I have to replace my fresh water panel because the o-ring on the city water connection is popped off and can't get it resealed. What type of caulking is best to use around the outside of this? Is it just plain silicone caulking?


----------



## therink (May 13, 2010)

Hi. Do not use silicone. Silicone based sealants do not adhere well to plastics or fiberglass, aluminum, etc. Use a polyurethane based rv lap sealant such as Pro - Flex or a Dicor product. Make sure it is not a self leveling sealant, which is for roof applications. 
Steve


----------



## CamperAndy (Aug 26, 2004)

A possible better bet it to lift the panel and put some Butyl Rubber tape to the flange of the panel and the screw it back on.

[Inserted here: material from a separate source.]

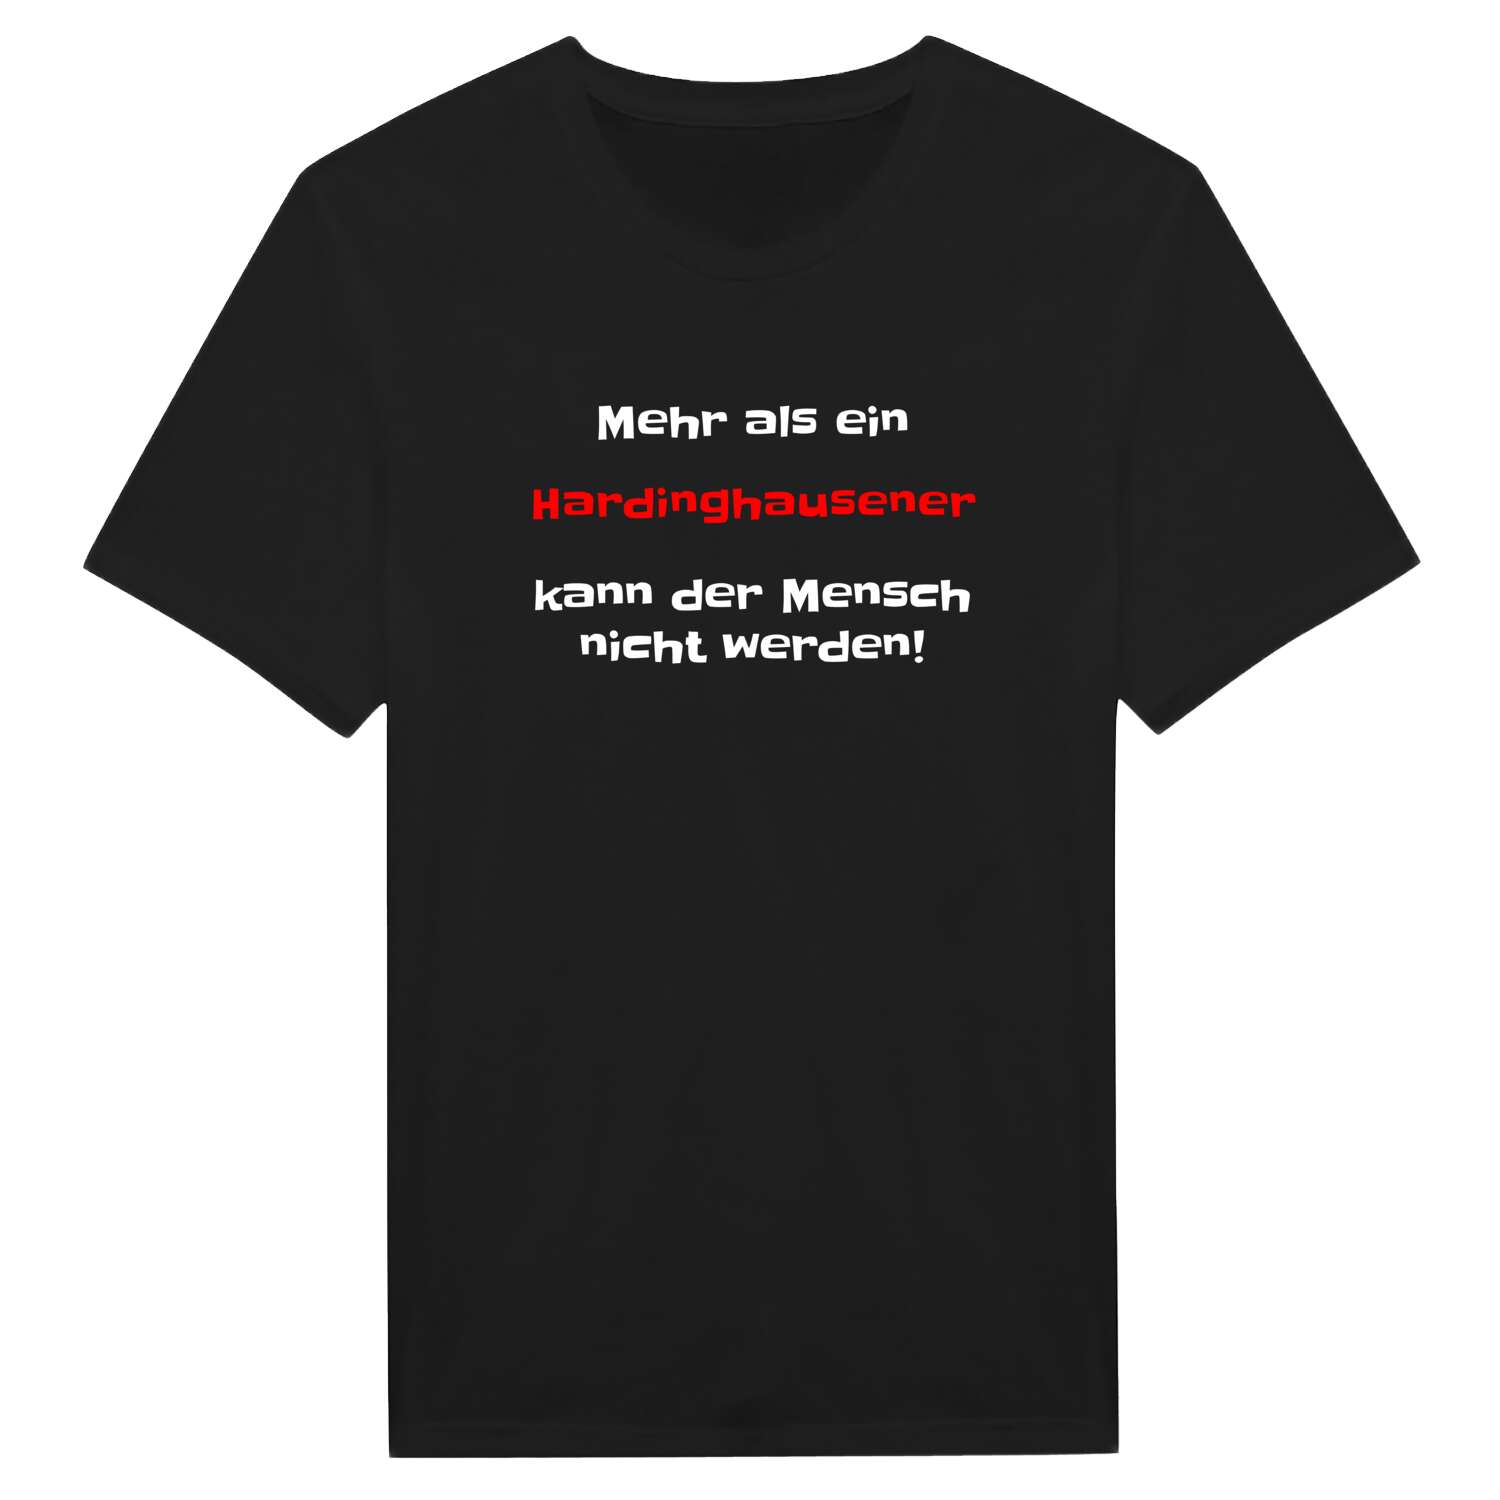 Hardinghausen T-Shirt »Mehr als ein«

Use a plastic putty knife to clean up any that squeezes out.


----------



## SDCampers (Oct 29, 2008)

CamperAndy said:


> A possible better bet it to lift the panel and put some Butyl Rubber tape to the flange of the panel and the screw it back on. Use a plastic putty knife to clean up any that squeezes out.


Got some of that, the original one has sealant around it also. I did't think it looked like a silicone though.


----------



## Insomniak (Jul 7, 2006)

It's plain old silicone. I usually do the butyl tape underneath with a bead of silicone around the edge.


----------